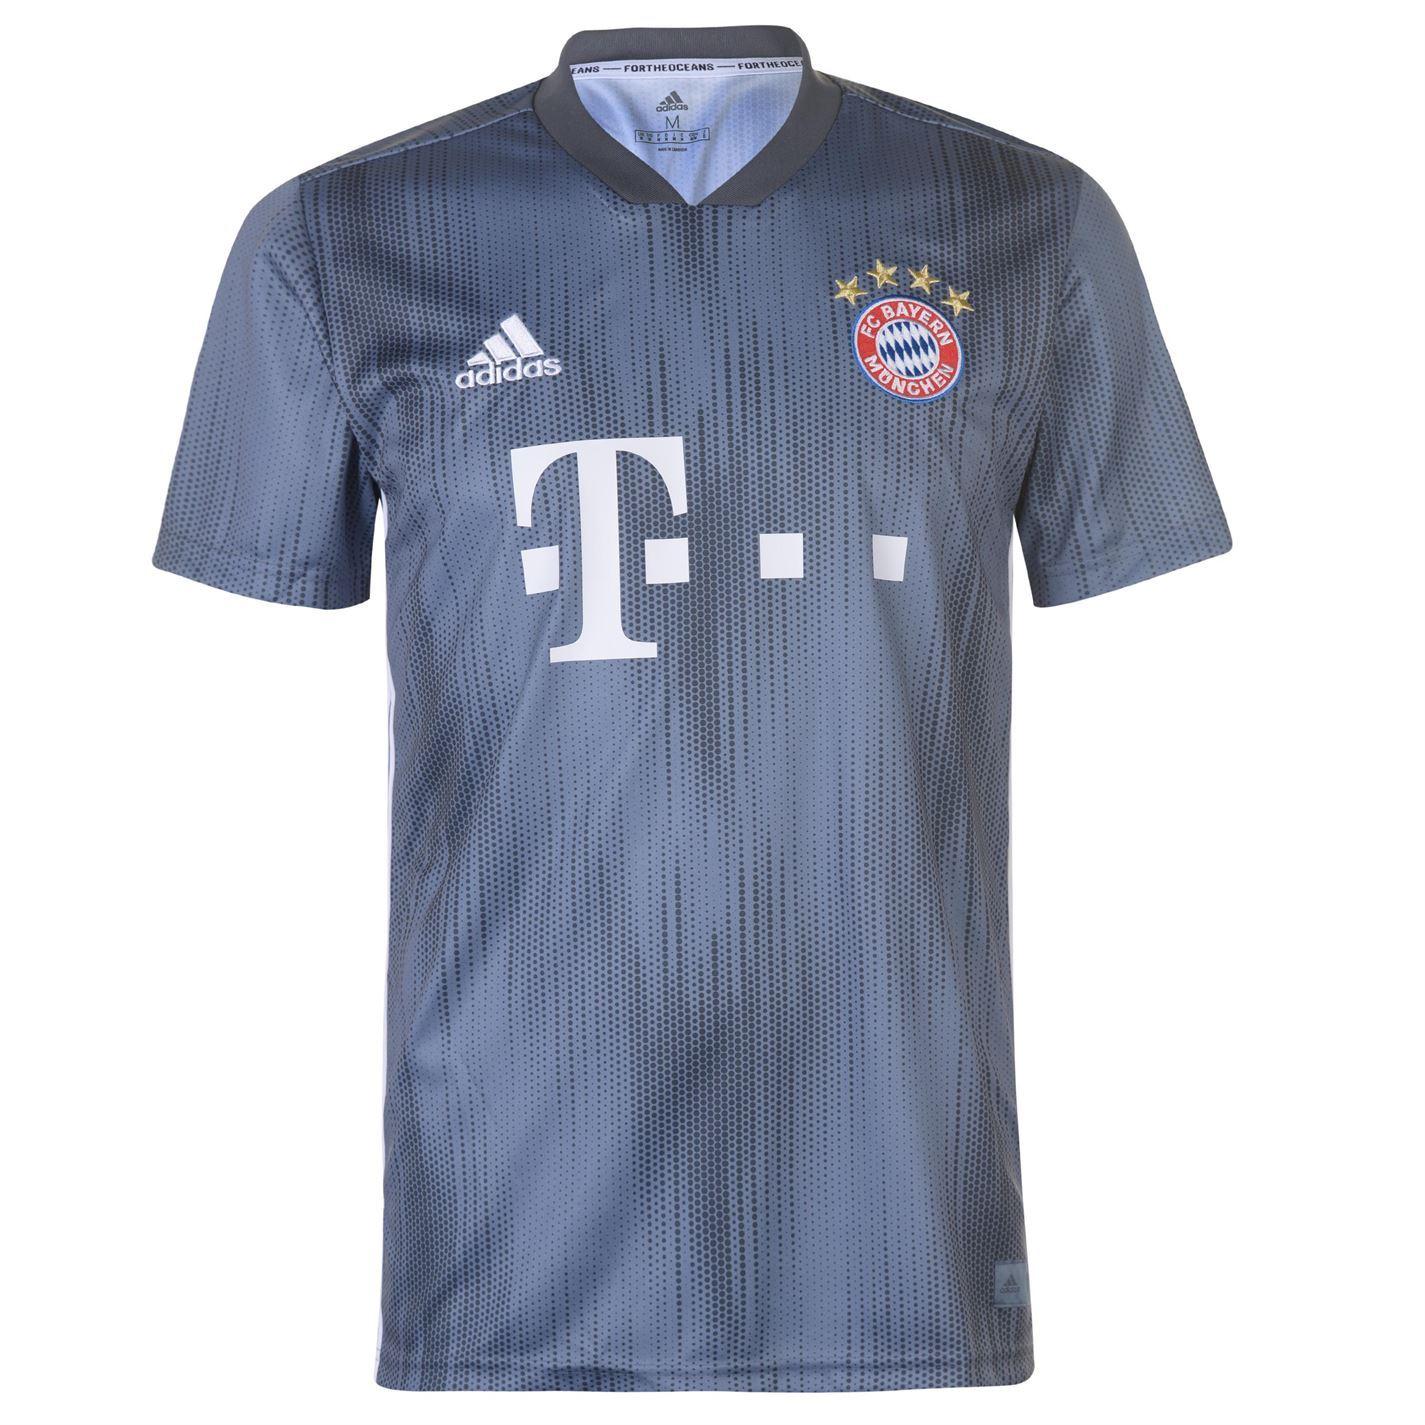 bc944d9b ... adidas Bayern Munich Third Jersey 2018 2019 Mens Grey Football Soccer  Shirt Top ...
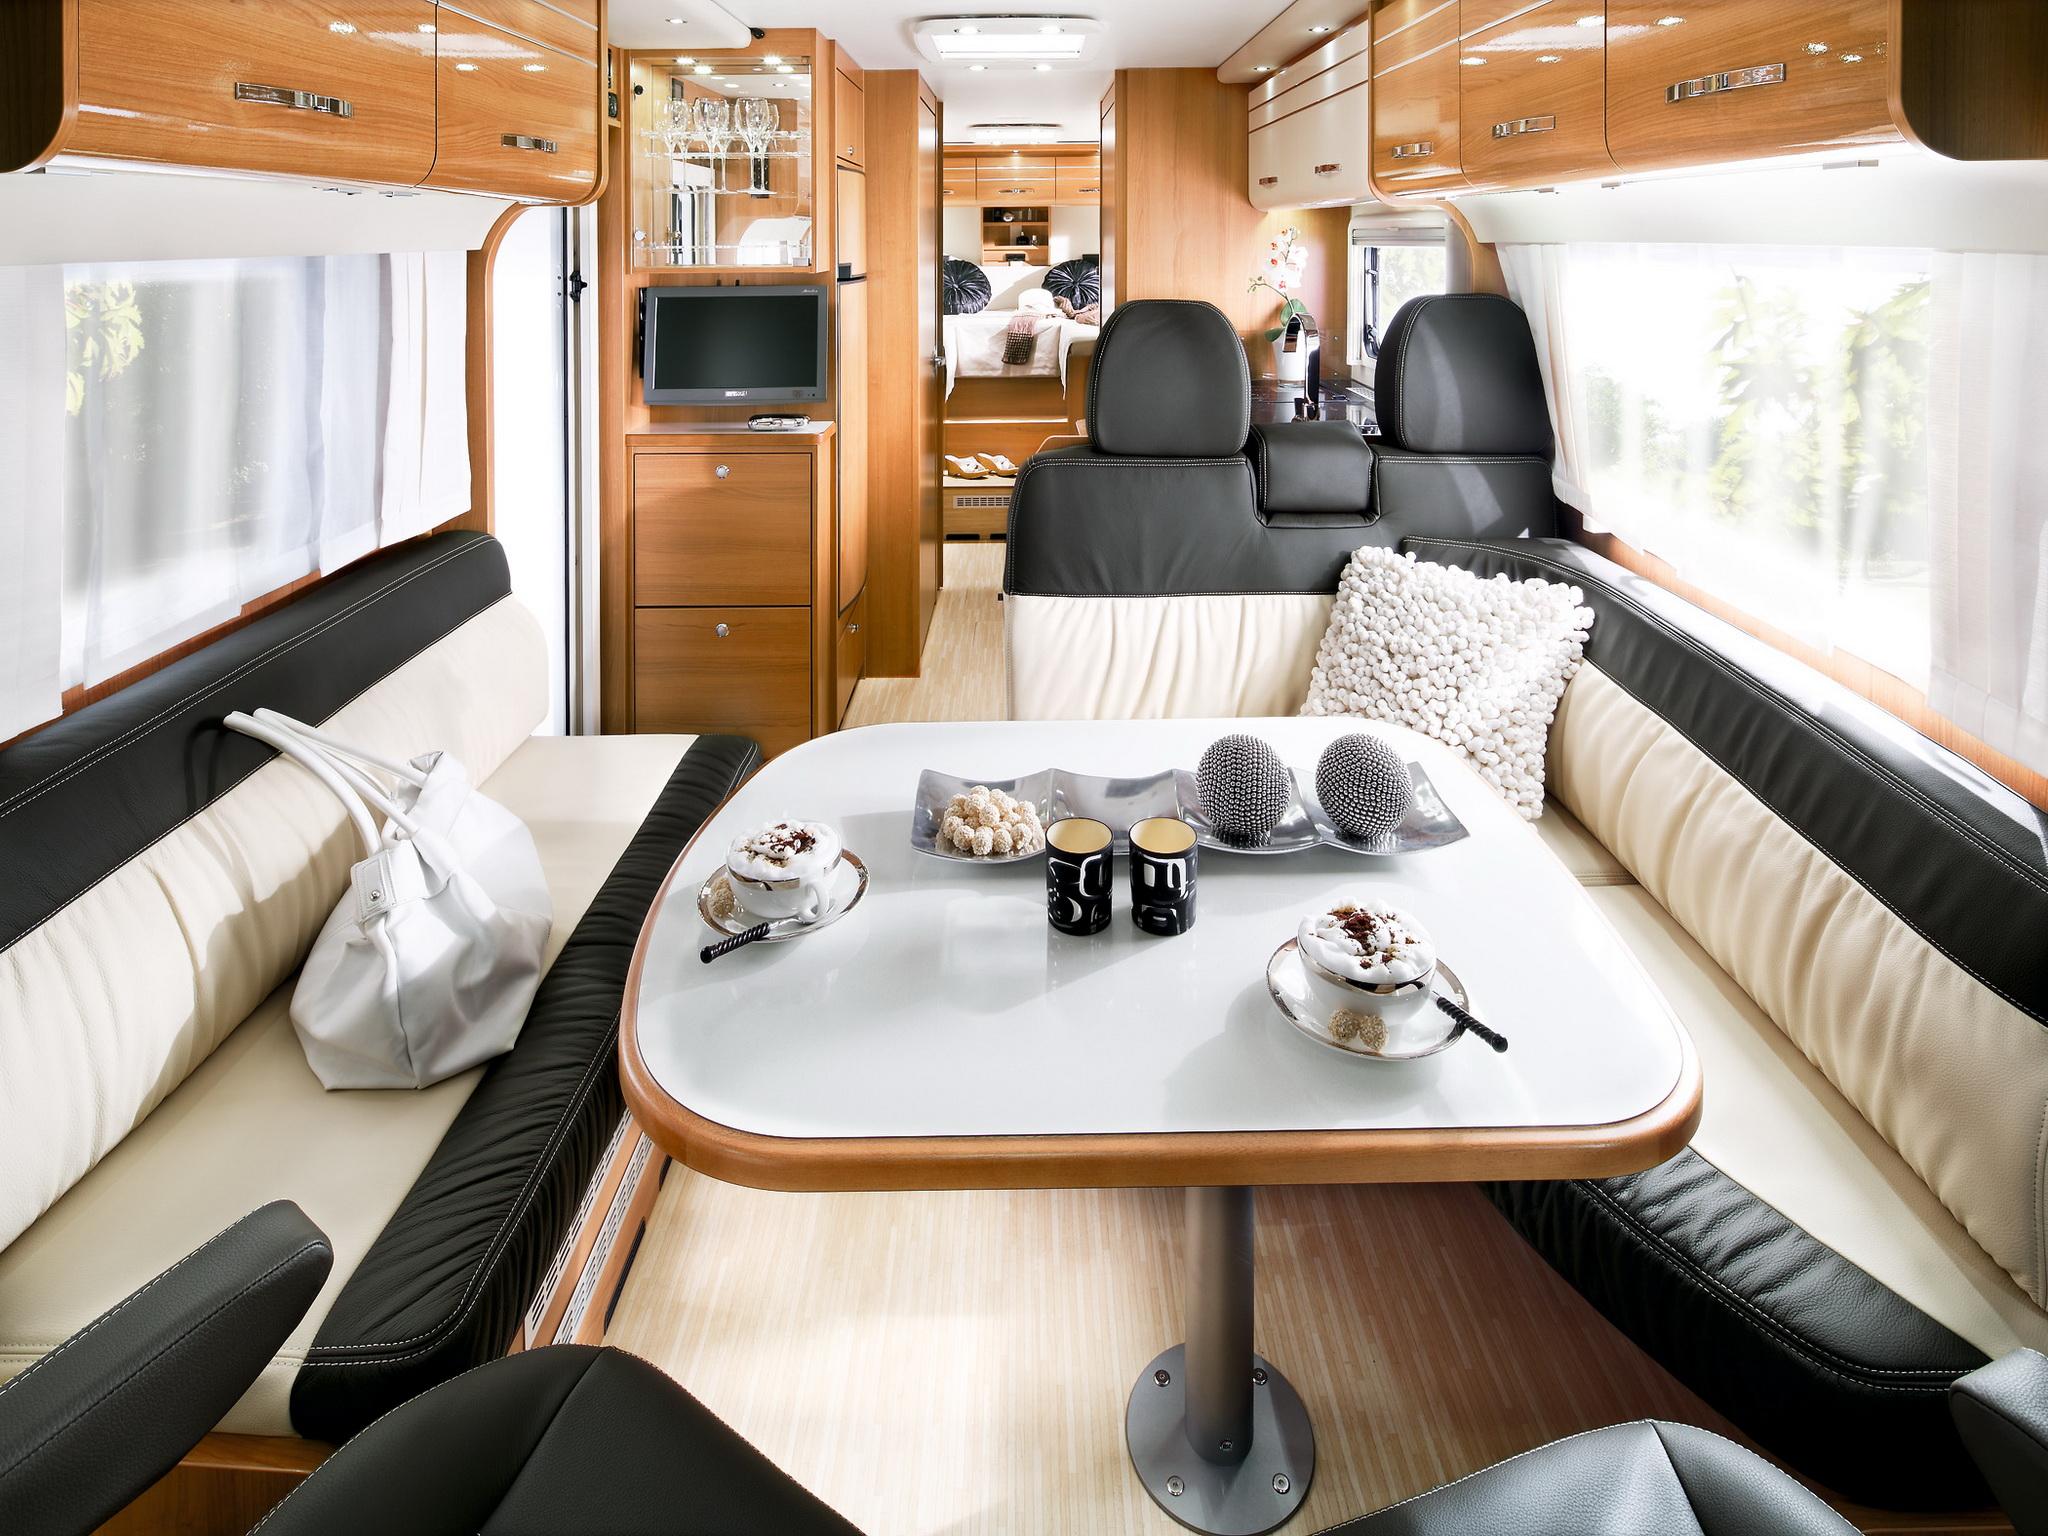 2013 Lmc Grand Explorer Motorhome Camper Interior H
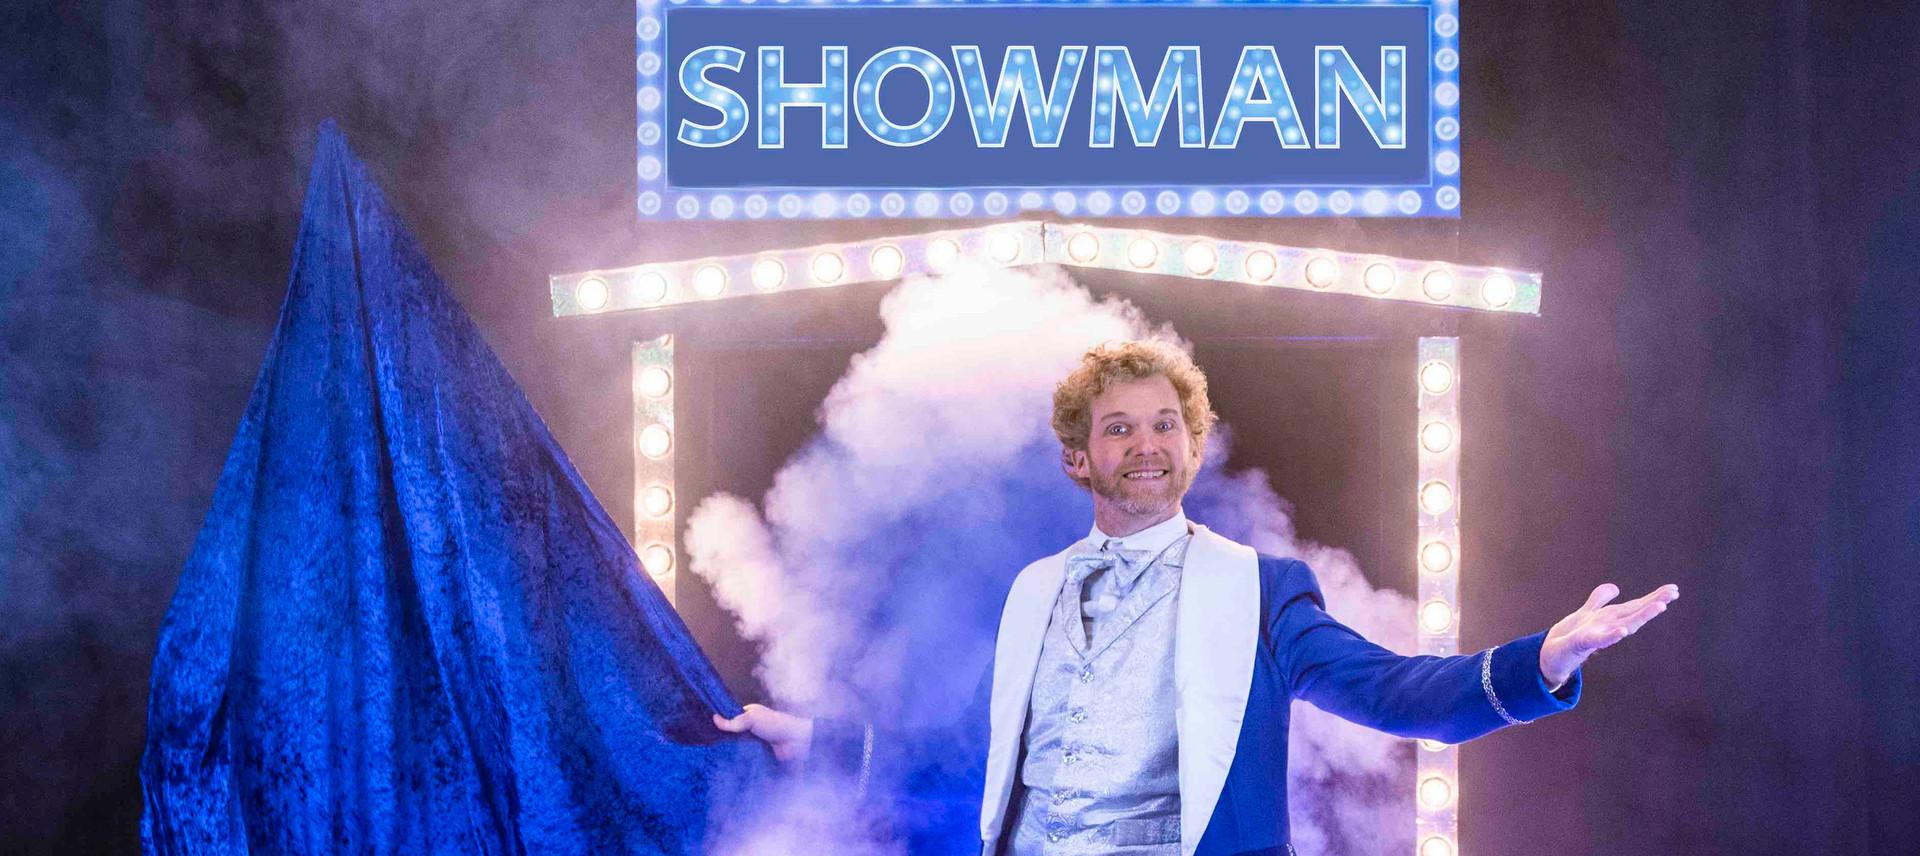 Showman opening act show openinsact open

* INSTRUCTIONS FOR THE TASK: Reproduce the data above word for word, but leave the images out.

* WRITTEN RESPONSE:
 bc944d9b ... adidas Bayern Munich Third Jersey 2018 2019 Mens Grey Football Soccer  Shirt Top ...
 2013 Lmc Grand Explorer Motorhome Camper Interior H
 Showman opening act show openinsact open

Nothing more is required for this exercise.